TASK REQUIREMENTS: The listing below is to be duplicated exactly, with every picture omitted.

DATA EXTRACT:
----
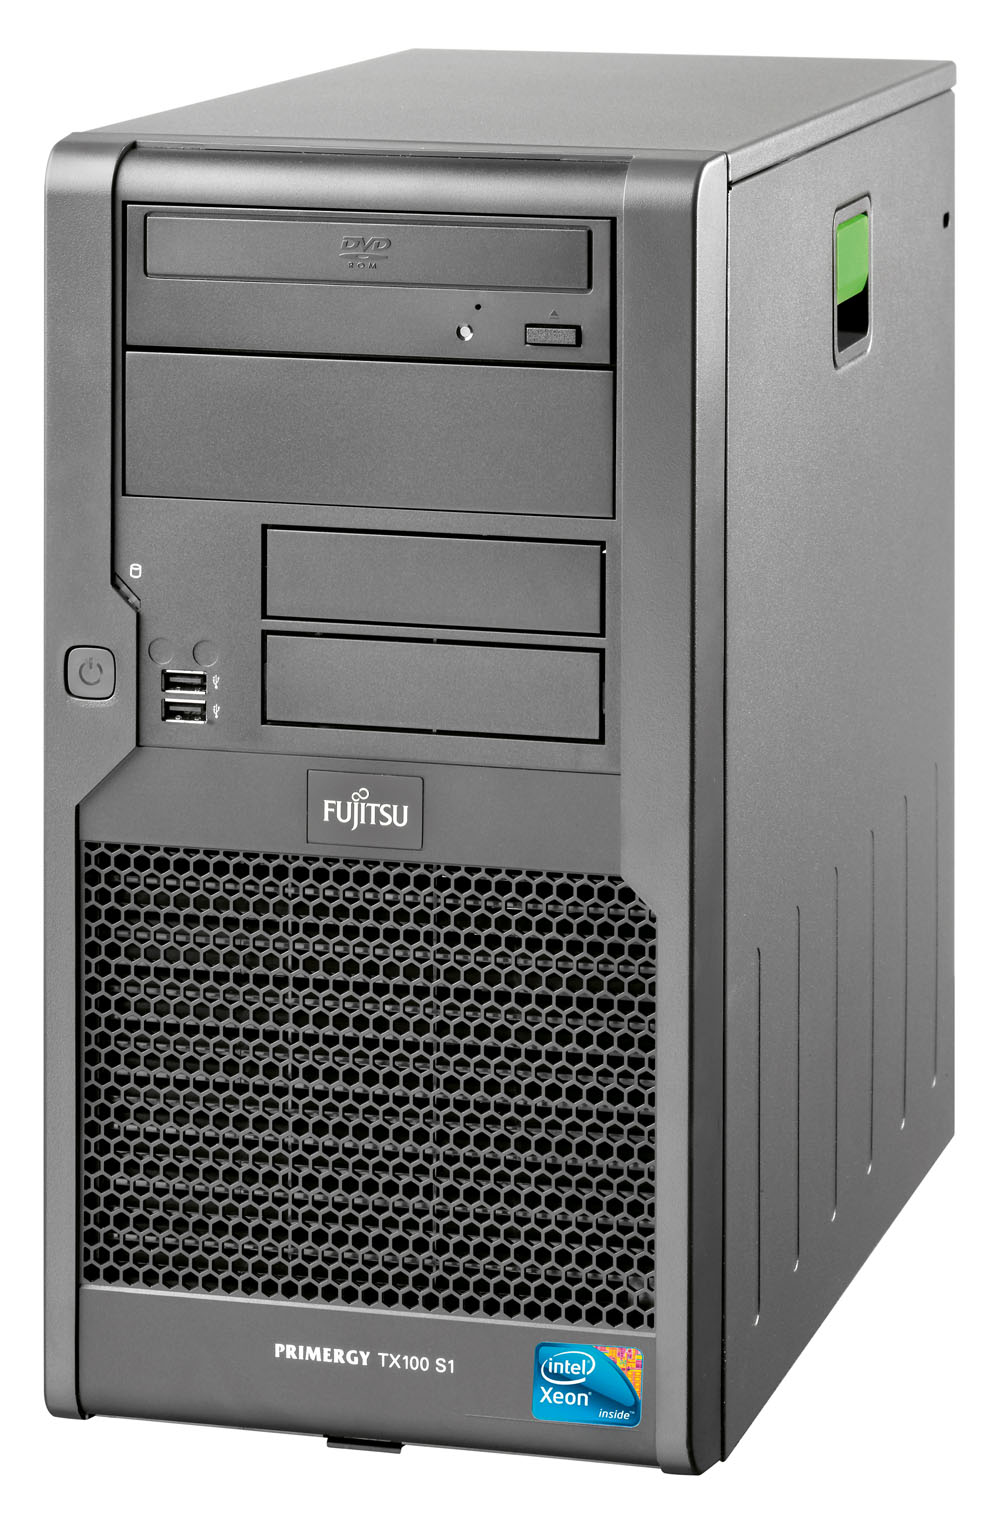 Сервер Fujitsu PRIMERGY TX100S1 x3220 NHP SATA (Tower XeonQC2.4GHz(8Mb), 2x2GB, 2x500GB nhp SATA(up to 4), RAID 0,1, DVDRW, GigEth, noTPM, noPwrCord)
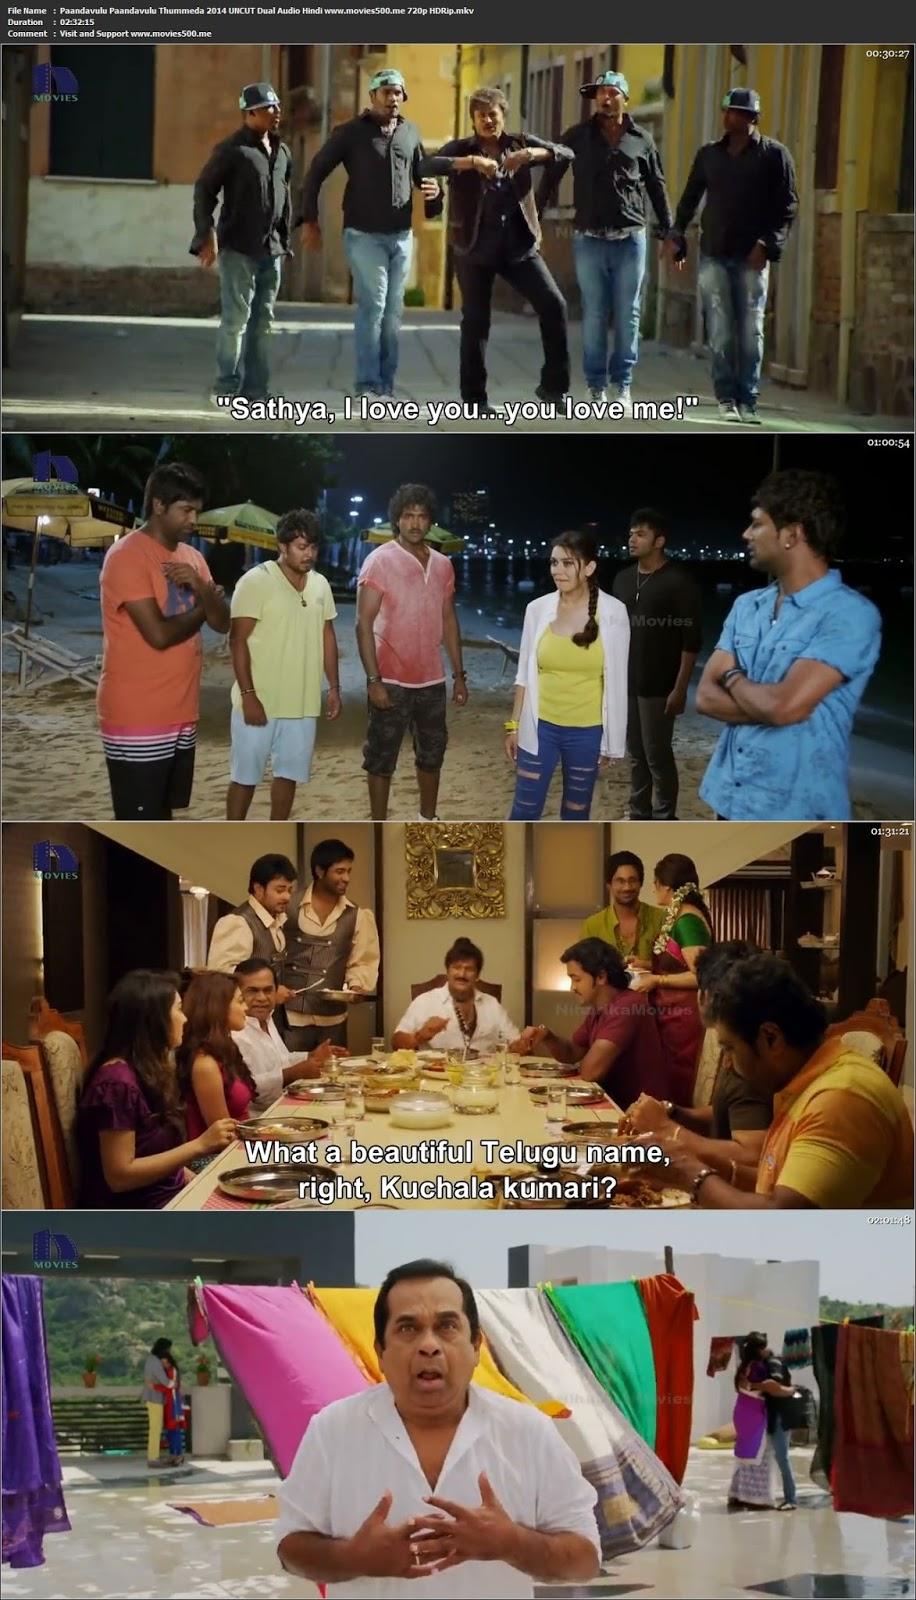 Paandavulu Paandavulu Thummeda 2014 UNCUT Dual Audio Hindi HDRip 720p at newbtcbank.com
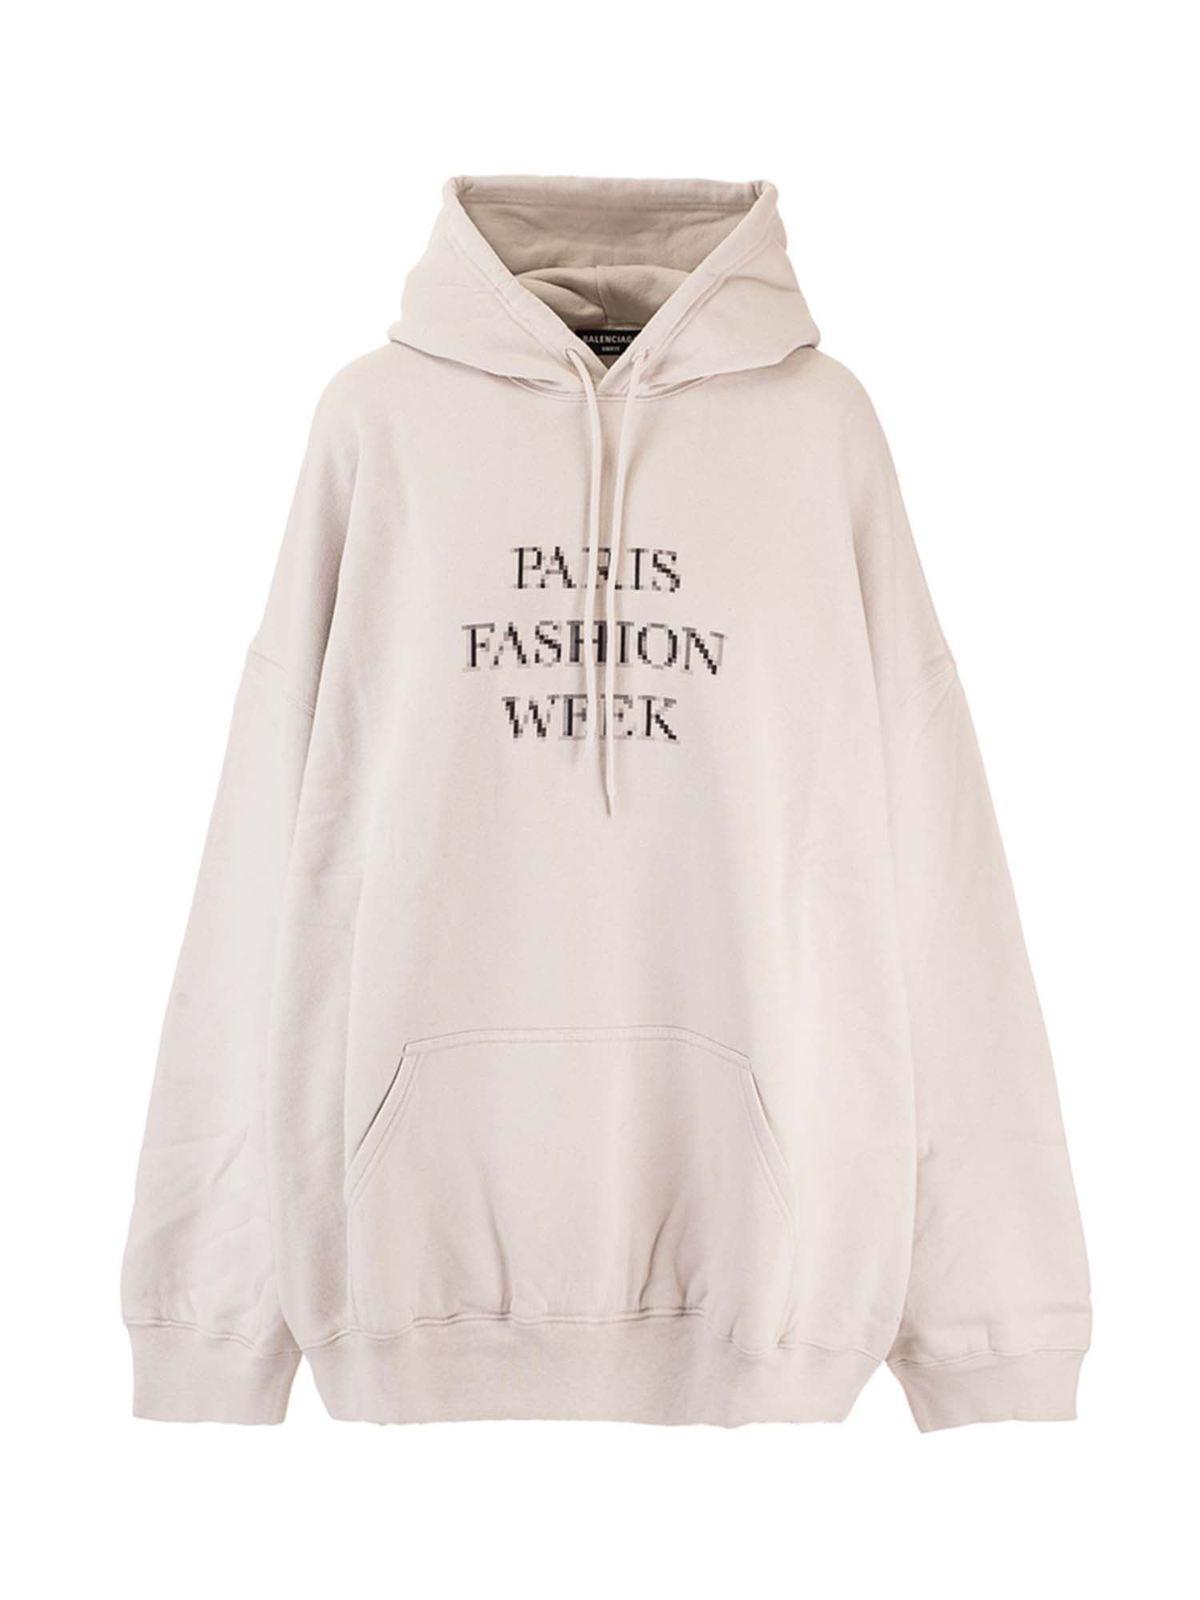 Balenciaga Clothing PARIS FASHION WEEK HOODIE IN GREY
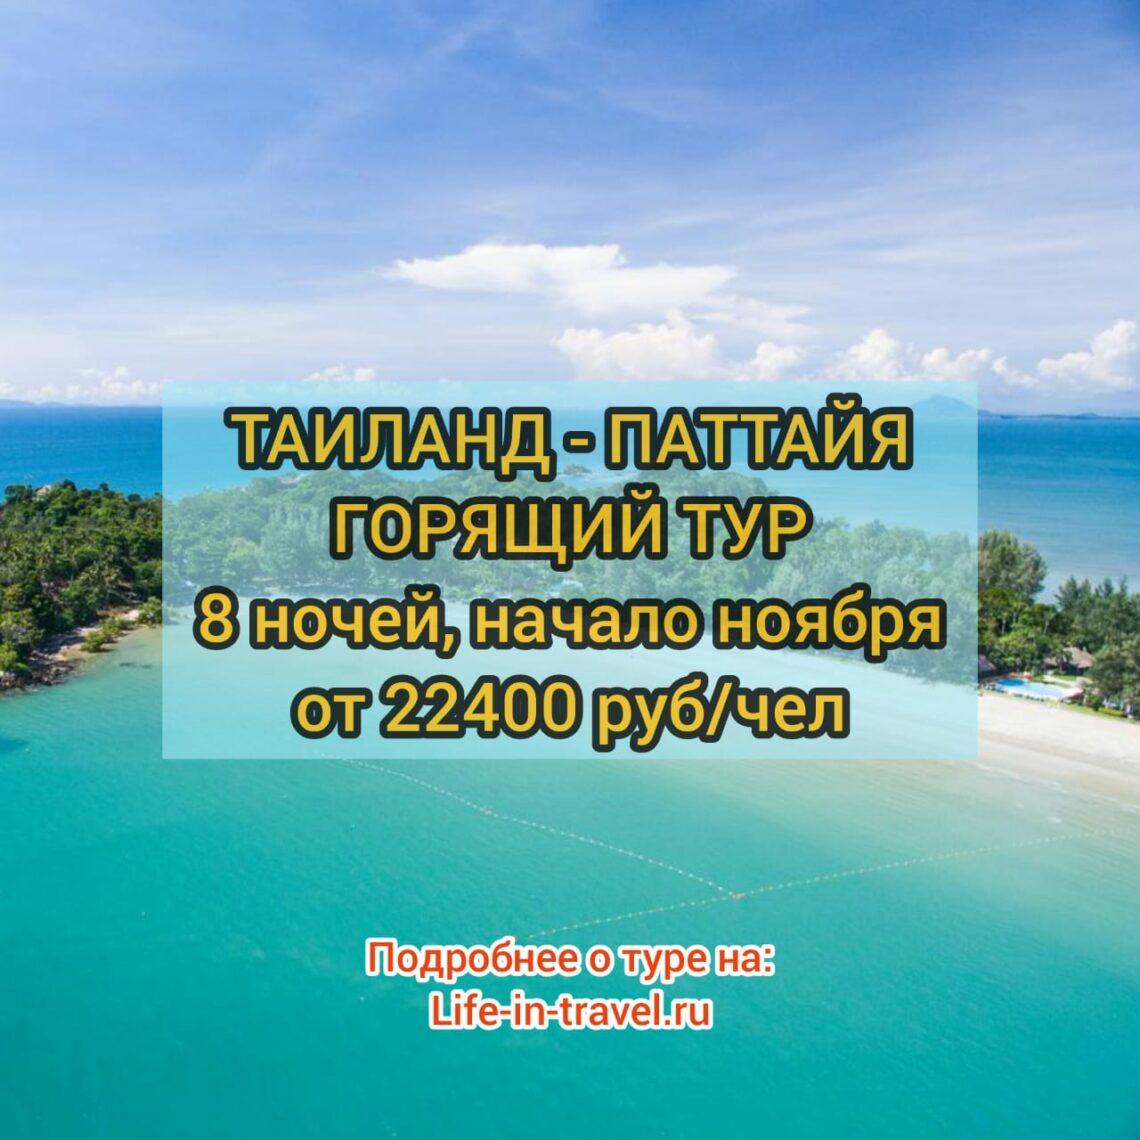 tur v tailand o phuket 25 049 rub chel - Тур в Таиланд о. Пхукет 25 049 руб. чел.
----
TASK SOLUTION:
 Сервер Fujitsu PRIMERGY TX100S1 x3220 NHP SATA (Tower XeonQC2.4GHz(8Mb), 2x2GB, 2x500GB nhp SATA(up to 4), RAID 0,1, DVDRW, GigEth, noTPM, noPwrCord)
 Paandavulu Paandavulu Thummeda 2014 UNCUT Dual Audio Hindi HDRip 720p at newbtcbank.com
 Balenciaga Clothing PARIS FASHION WEEK HOODIE IN GREY
 tur v tailand o phuket 25 049 rub chel - Тур в Таиланд о. Пхукет 25 049 руб. чел.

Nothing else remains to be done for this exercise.